After a 2020 in which gold and silver appreciated roughly 25% and 48%, respectively, both metals declined modestly from January through April. But experts have been suggesting the overall climate for precious metals remains strong and that gold and silver would resume their upward momentum as a metals-friendly environment reestablished itself. Sure enough, in the wake of announcements of massive spending plans and tax hikes by the Biden administration as well as the first sign of real inflation in a long time, gold and silver have enjoyed a particularly strong May so far. Since the beginning of this month, gold is up 6.5% and silver has jumped 8.5%.
For retirement savers who’ve been watching the performance of gold and silver against the backdrop of pro-metals conditions they’ve been told are in place, it likely is reassuring to see the assets respond favorably. Does that mean it’s certain they will continue to do so? No. But all things considered, it’s reasonable to think we could see the continued development of ideal conditions for metals. This apparently includes the possibility we’ll see the single biggest jump in the capital gains tax in modern history.

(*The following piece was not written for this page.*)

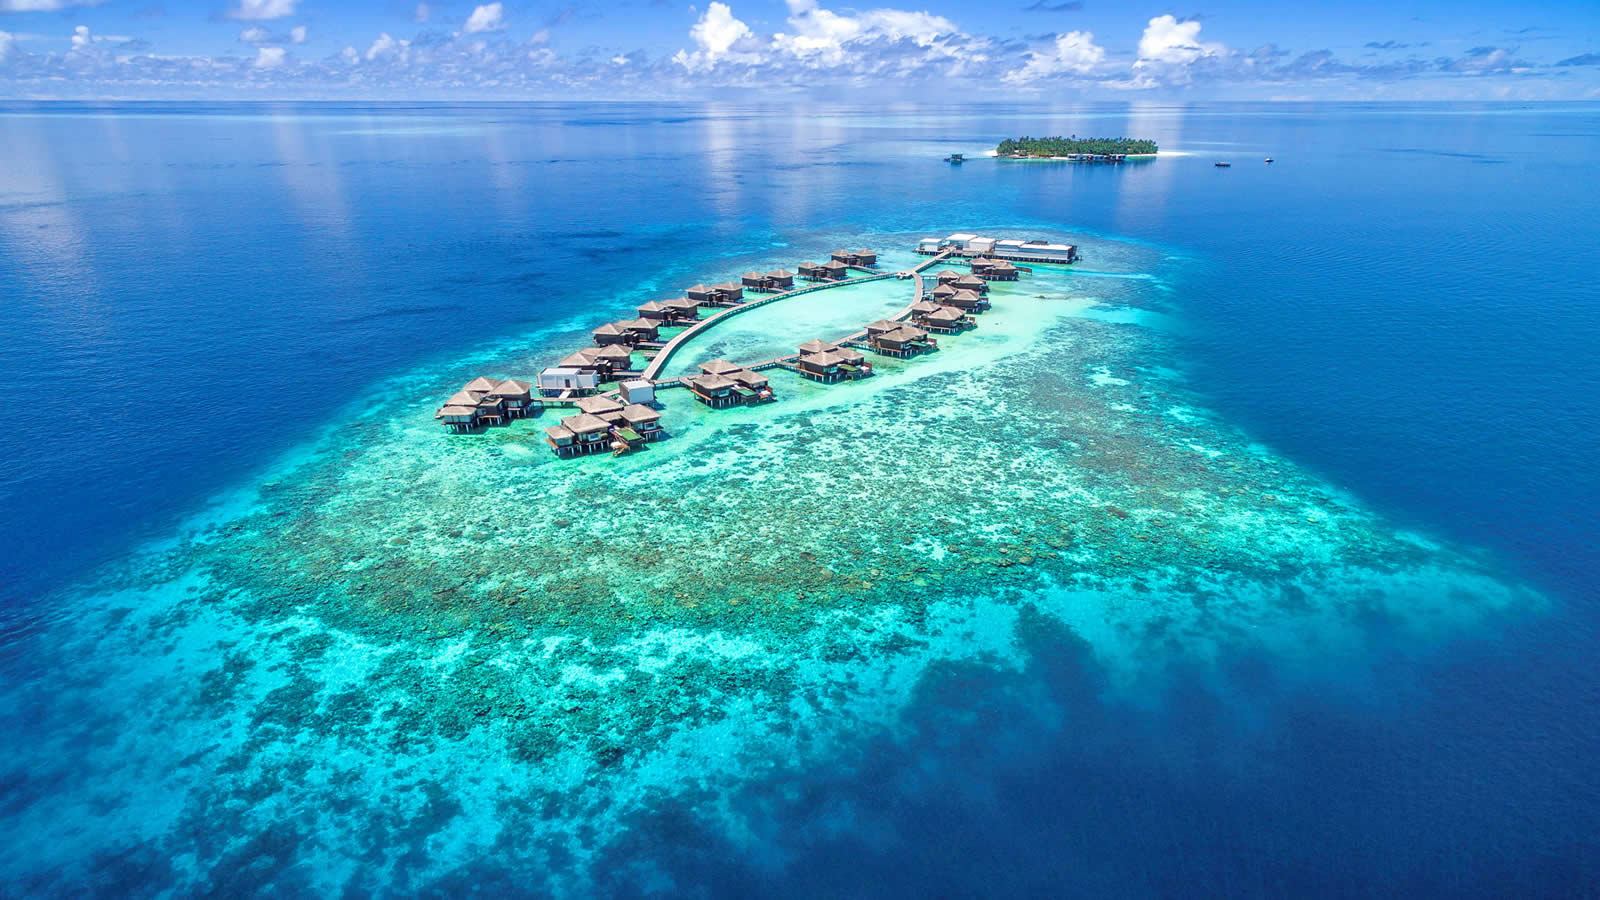 Accor Hotels in The Maldives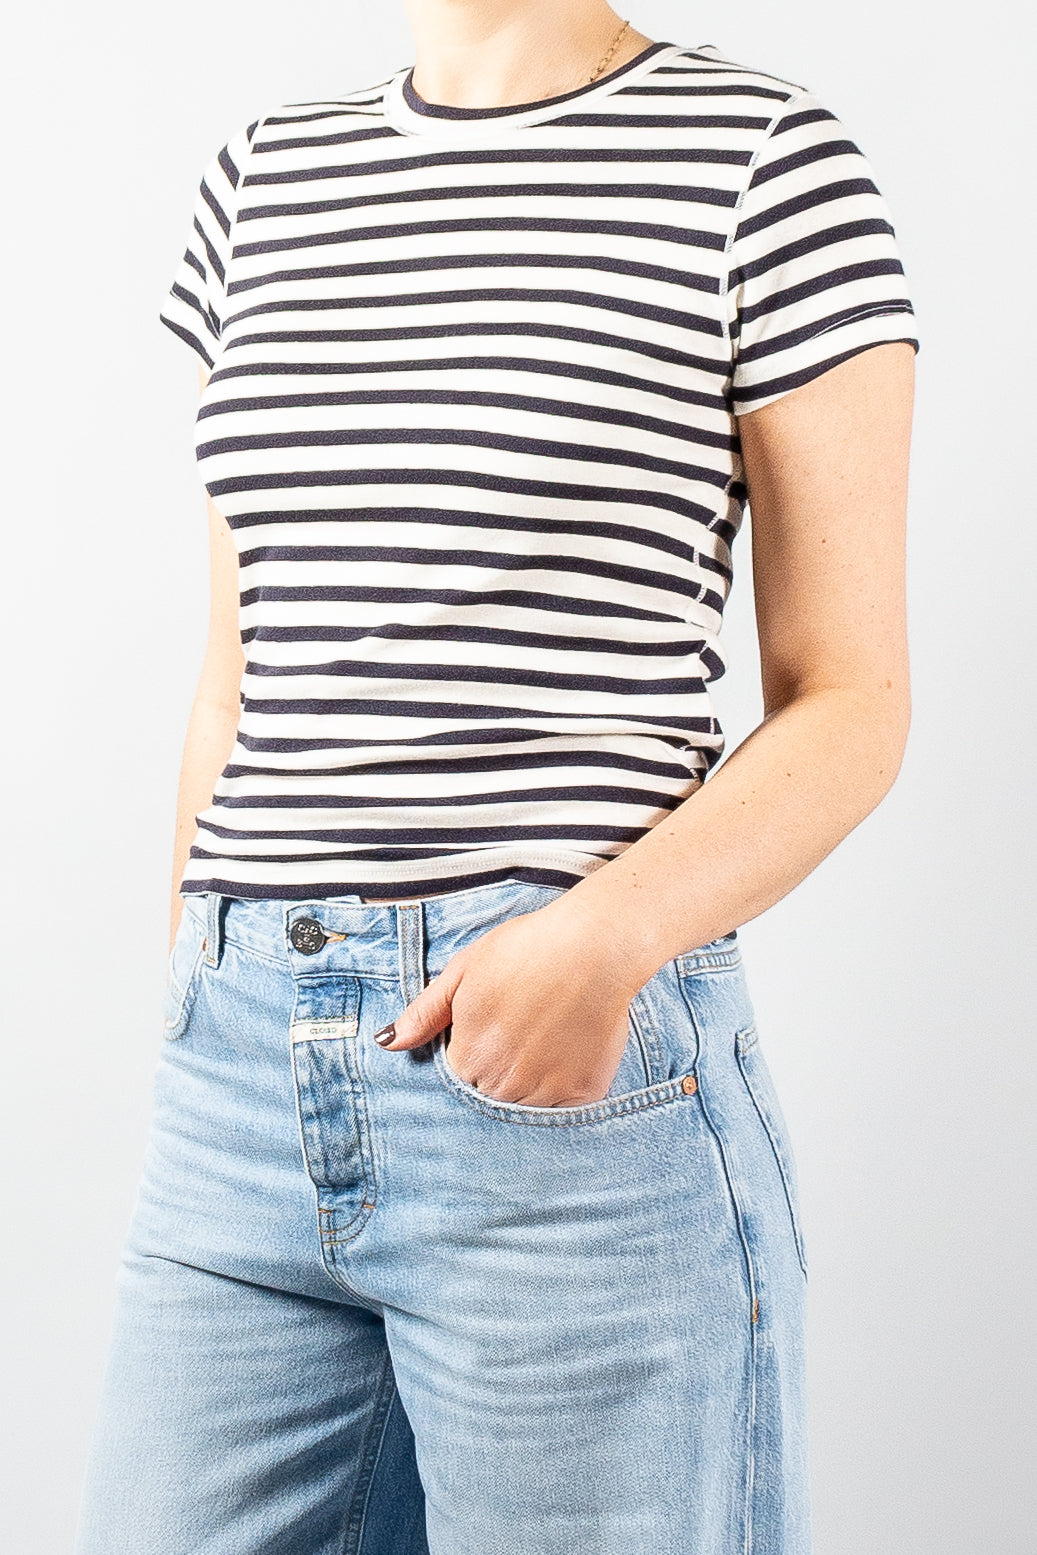 Closed Cropped Striped T-Shirt-Tops-Misch-Boutique-Vancouver-Canada-misch.ca

In a climate so fertile for gold and silver, it’s difficult to imagine the precious metals bull market grinding to a halt anytime soon.
1 Kimberly Amadeo, The Balance, “What Is the Current U.S. Federal Budget Deficit?” (May 9, 2021, accessed 5/20/21).
2 Brian Sozzi, Yahoo News, “Biden’s capital gains tax hike may not bury the stock market: strategists” (April 26, 2021, accessed 5/20/21).
3 Portfolio Visualizer, Asset Class Correlations (accessed 5/20/21).